--- Data for review ---
——
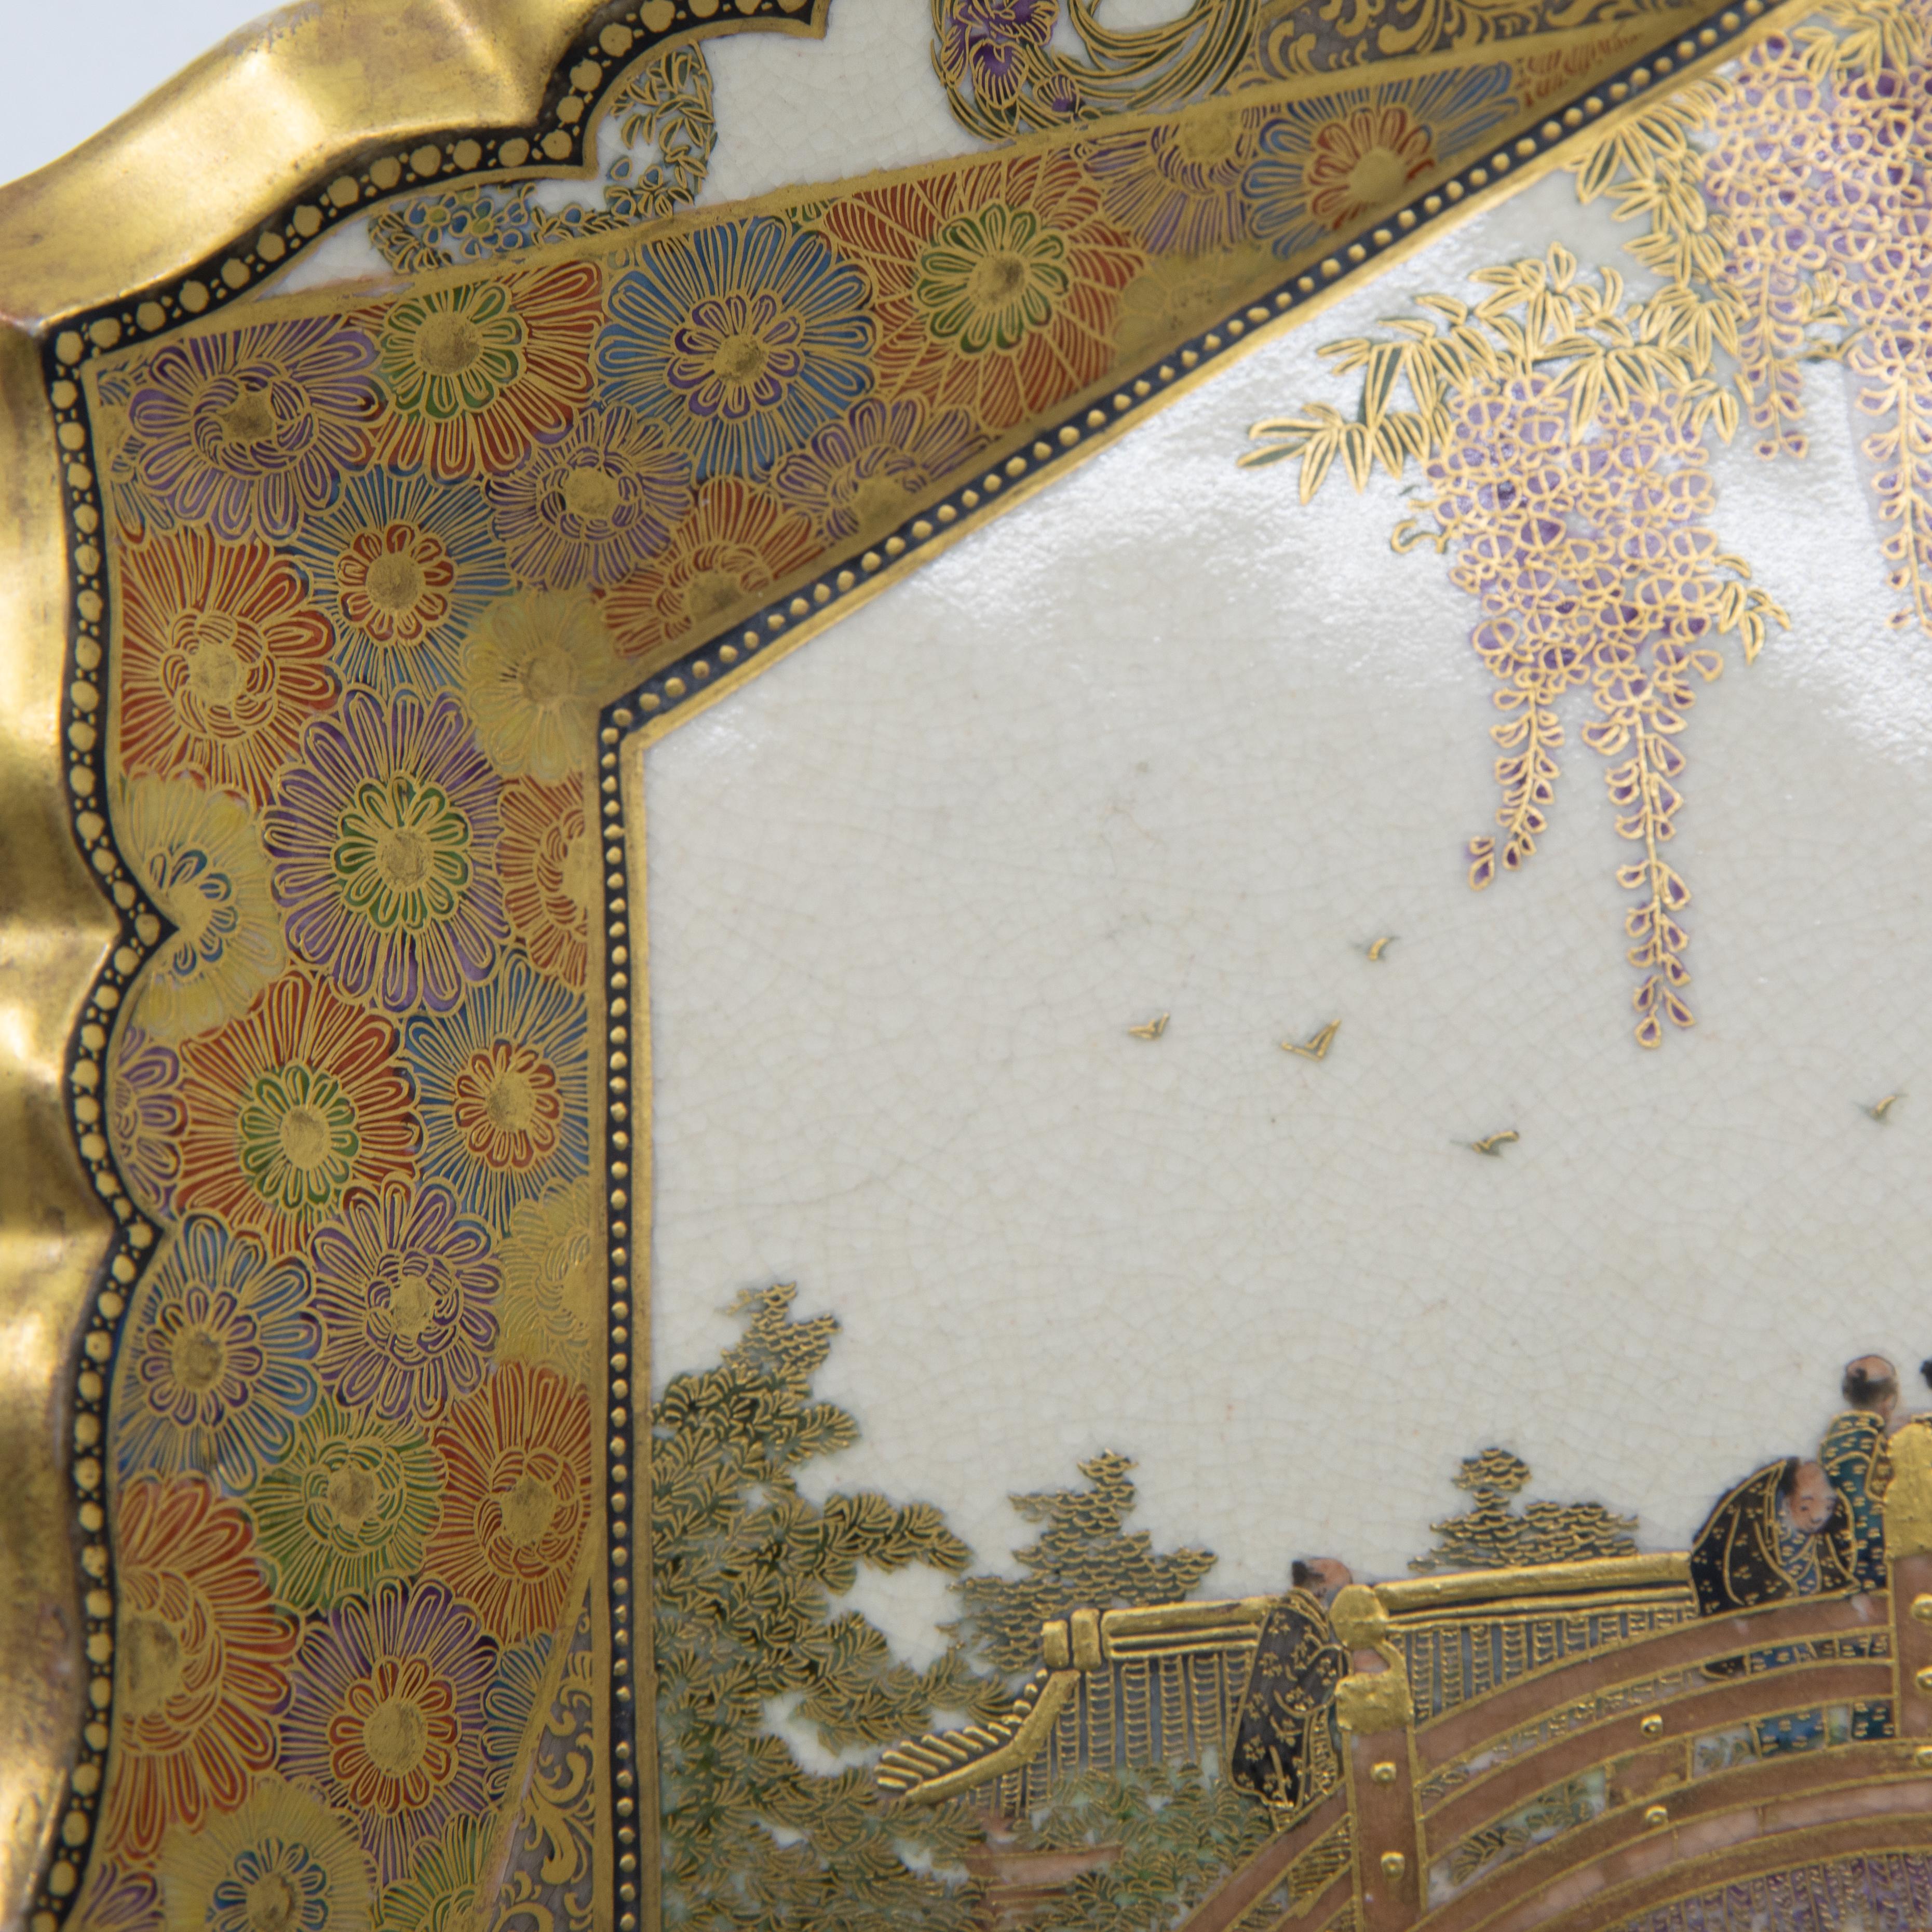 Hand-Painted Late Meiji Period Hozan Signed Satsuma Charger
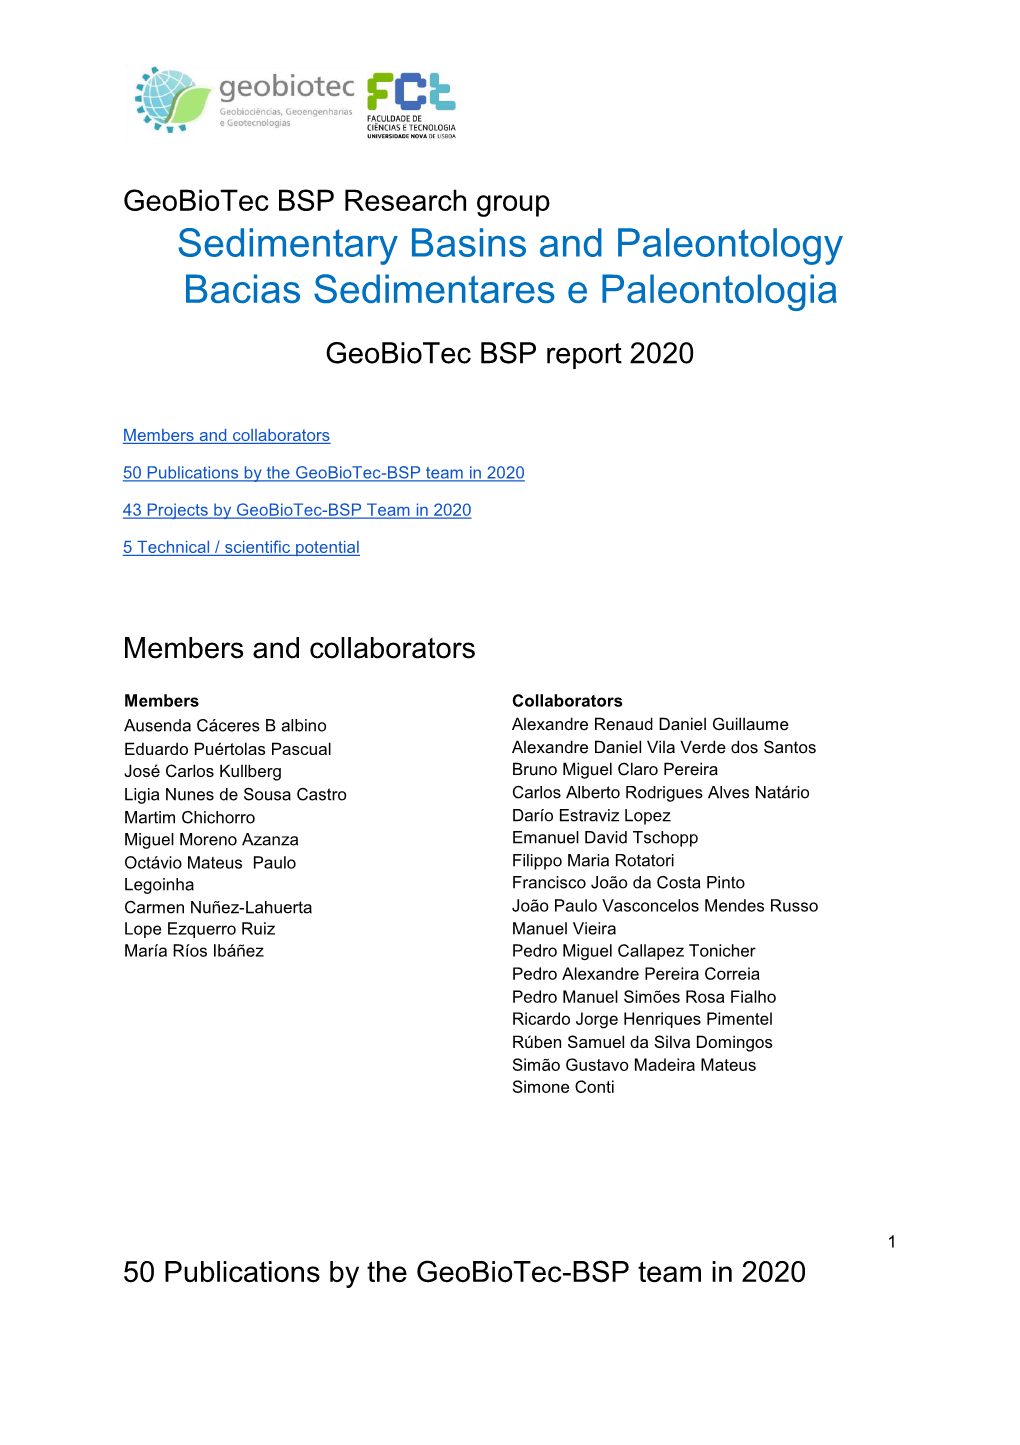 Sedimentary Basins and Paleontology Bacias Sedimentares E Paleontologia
——
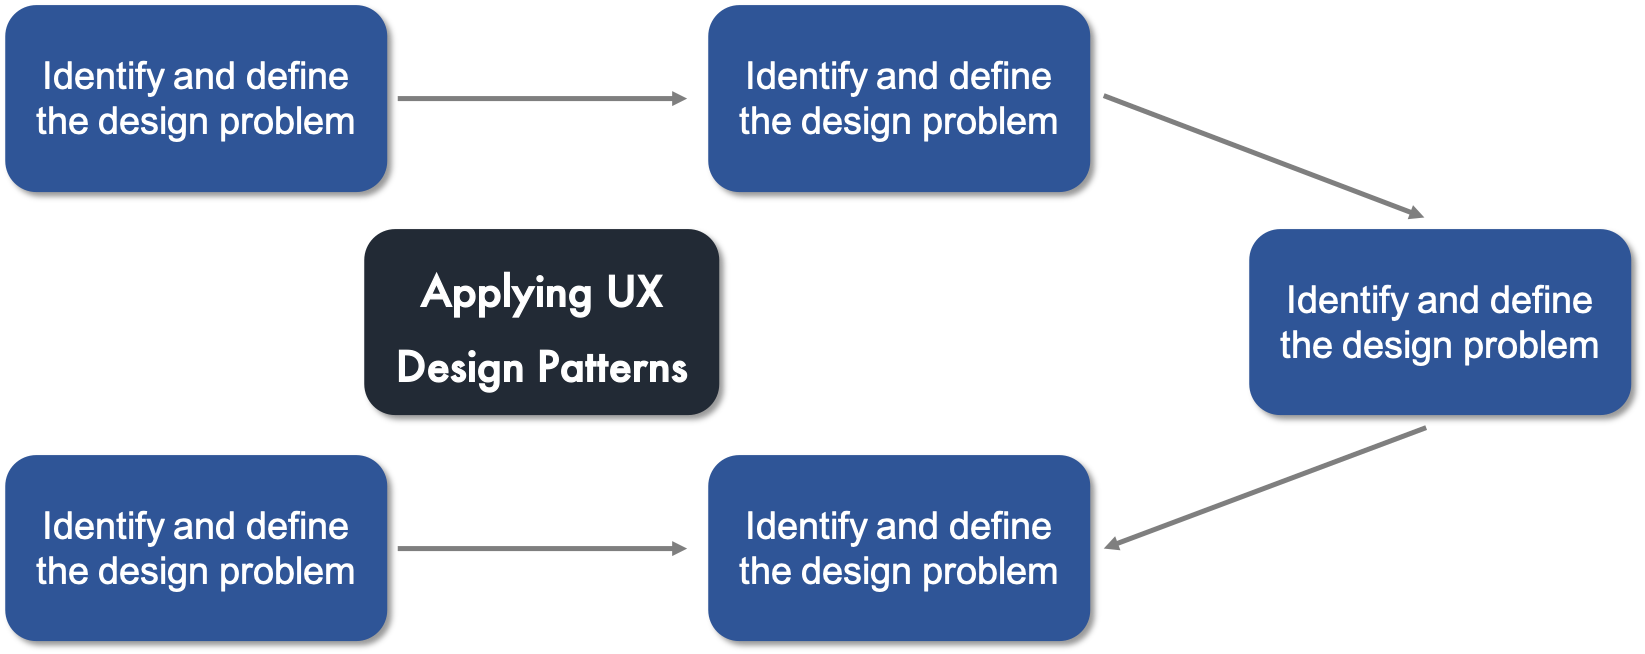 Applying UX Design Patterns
——
Starting at the line that contains "Hand-Painted Late Meiji" and ending at the line that contains "Sedimentary Basins and", transcribe the material above exactly, excluding pictures.

--- Solution for this exercise ---
 Hand-Painted Late Meiji Period Hozan Signed Satsuma Charger
 Sedimentary Basins and Paleontology Bacias Sedimentares E Paleontologia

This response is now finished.